As mentioned earlier, javascript can dynamically generate the DOM. At present, most web pages belong to dynamic web pages (the content is dynamically filled by javascript), especially in the mobile end, SPA/PWA applications are becoming more and more popular. Most useful data in web pages are dynamically acquired through Ajax/Fetch and then filled into the DOM tree of web pages by JS. There is very little useful data in a pure HTML static page. At present, the main solution is to directly request the URL of AJAX/FETCH for JS Ajax/FETCH request. However, some Ajax request parameters are dynamically generated depending on a piece of javascript, such as a request signature, and password encryption for user login, etc. If a background script is used to do what javascript is supposed to do, it requires a clear understanding of the logic of the original web page code, which is not only very troublesome, but also makes your crawling code extremely large and bloated, but, more deadly, there are some things javascript can do that crawlers are difficult or even impossible to imitate. For example, some sites use a captcha mechanism that drags a slider to a certain location, which is hard to emulate in a crawler. In fact, to sum up some of these disadvantages, in the final analysis, because crawler is not a browser, no javascript parsing engine caused by.
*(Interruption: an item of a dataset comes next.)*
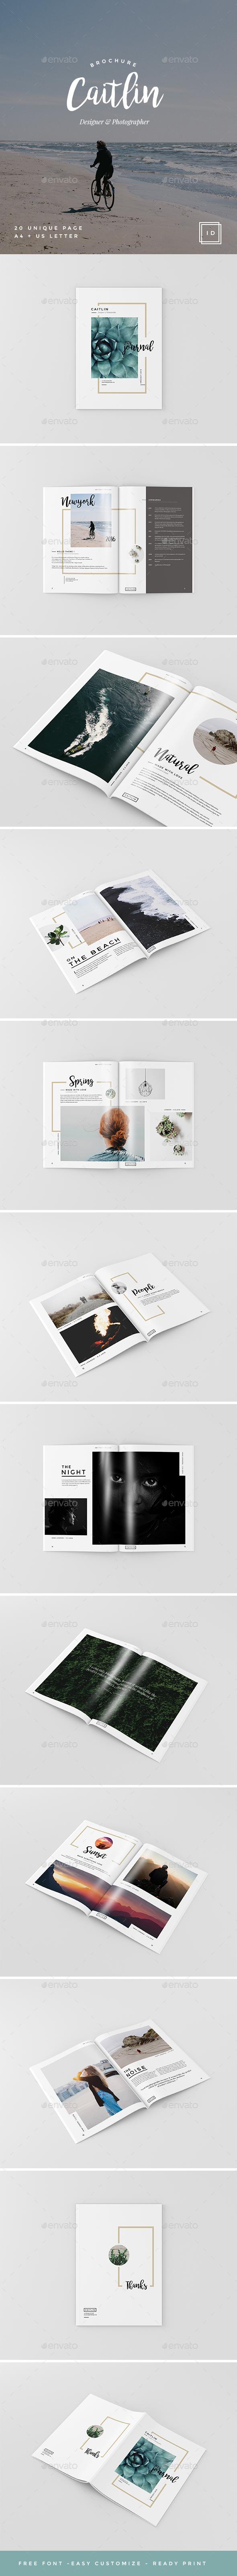 Caitlin - Creative Portfolio, Photography Brochure - Portfolio Brochures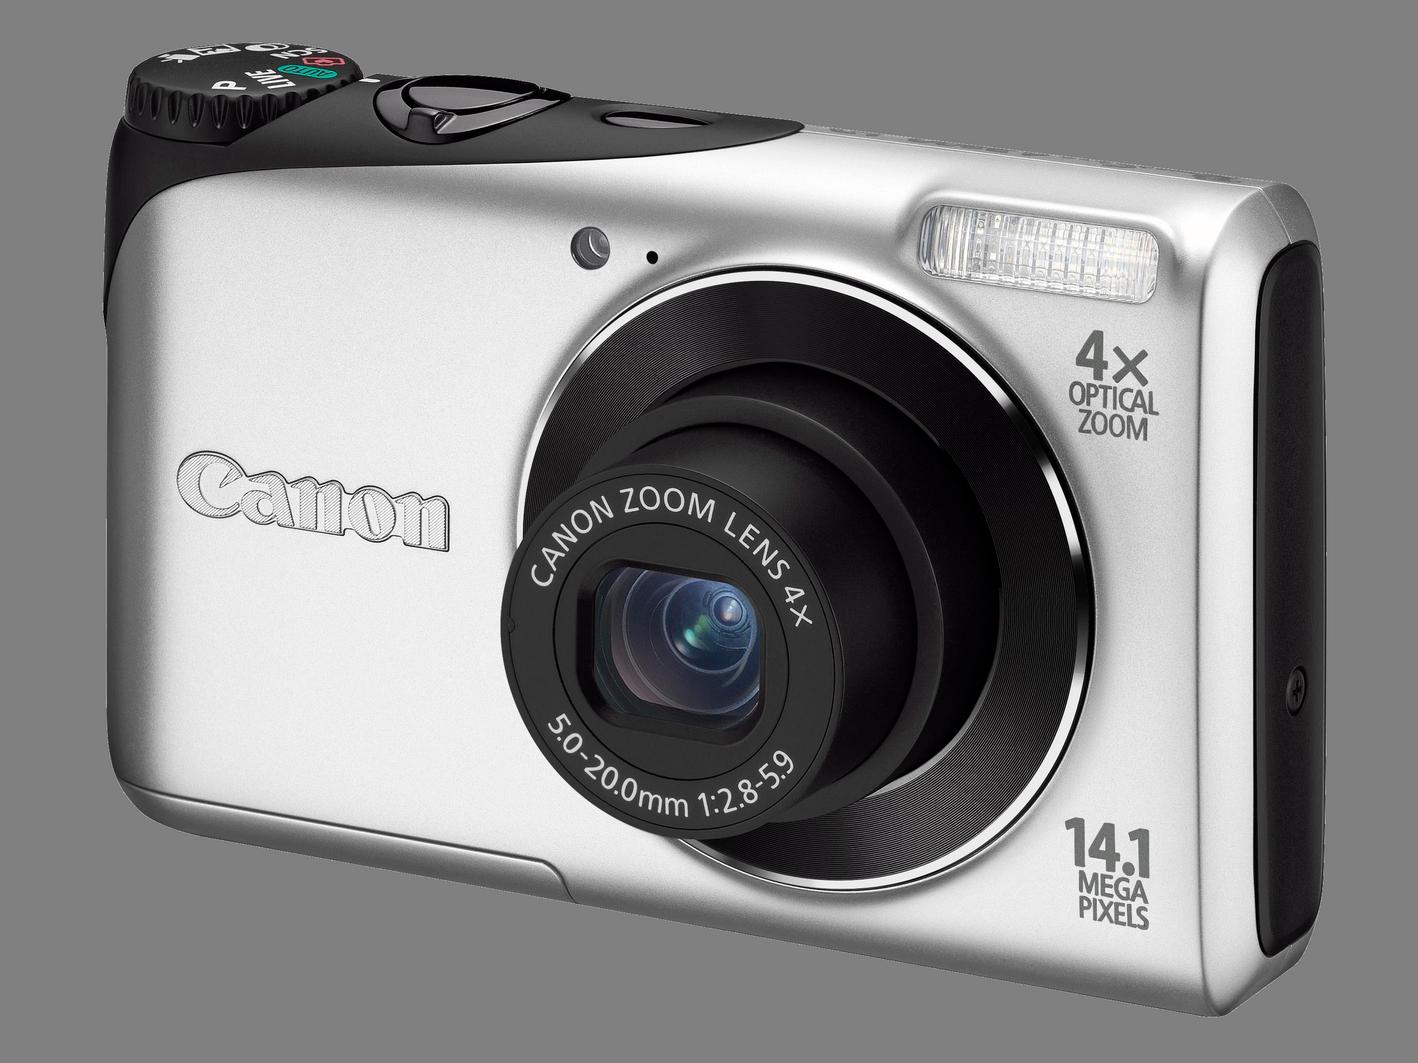 Photo Camera PNG Image Digital camera photo, Camera

To solve this problem, the main strategy is to introduce Javascript engine in crawler, such as PhantomJS. However, it has obvious disadvantages, such as too much resource occupation when the server has multiple crawler tasks at the same time. Also, these windowless javascript engines often don’t work as well as they would in a browser environment, making the flow difficult to control when a jump occurs within the page.

Problem 3: IP restrictions

This is by far the deadliest of all background crawlers. The firewall of the website will limit the number of requests for a fixed IP in a certain period of time. If it does not exceed the line, the data will be returned normally. If it exceeds, the request will be rejected, such as QQ mailbox. It is worth noting that IP restrictions are sometimes not designed specifically for crawlers, but most of the time as a defense against DOS attacks for website security reasons. With limited machines and IP addresses, it is easy to go online and the request is rejected. At present, the main solution is to use proxy, so that the number of IP will be a little more, but proxy IP is still limited, for this problem, it is impossible to solve completely.

eggs

This paper introduces the current situation and problems of crawler technology in detail. But don’t get discouraged. 2017 saw a big advance in crawler technology. What is it? Don’t Google Google, I can’t find it on the Internet, if you are interested, please follow me. Next time, I’m going to debunk it.

The last

It’s the same old story. I just started my blog, and I’m looking for attention, praise, and spread.

This article is allowed to be reproduced free of charge, but please indicate the original author and the link to the original text.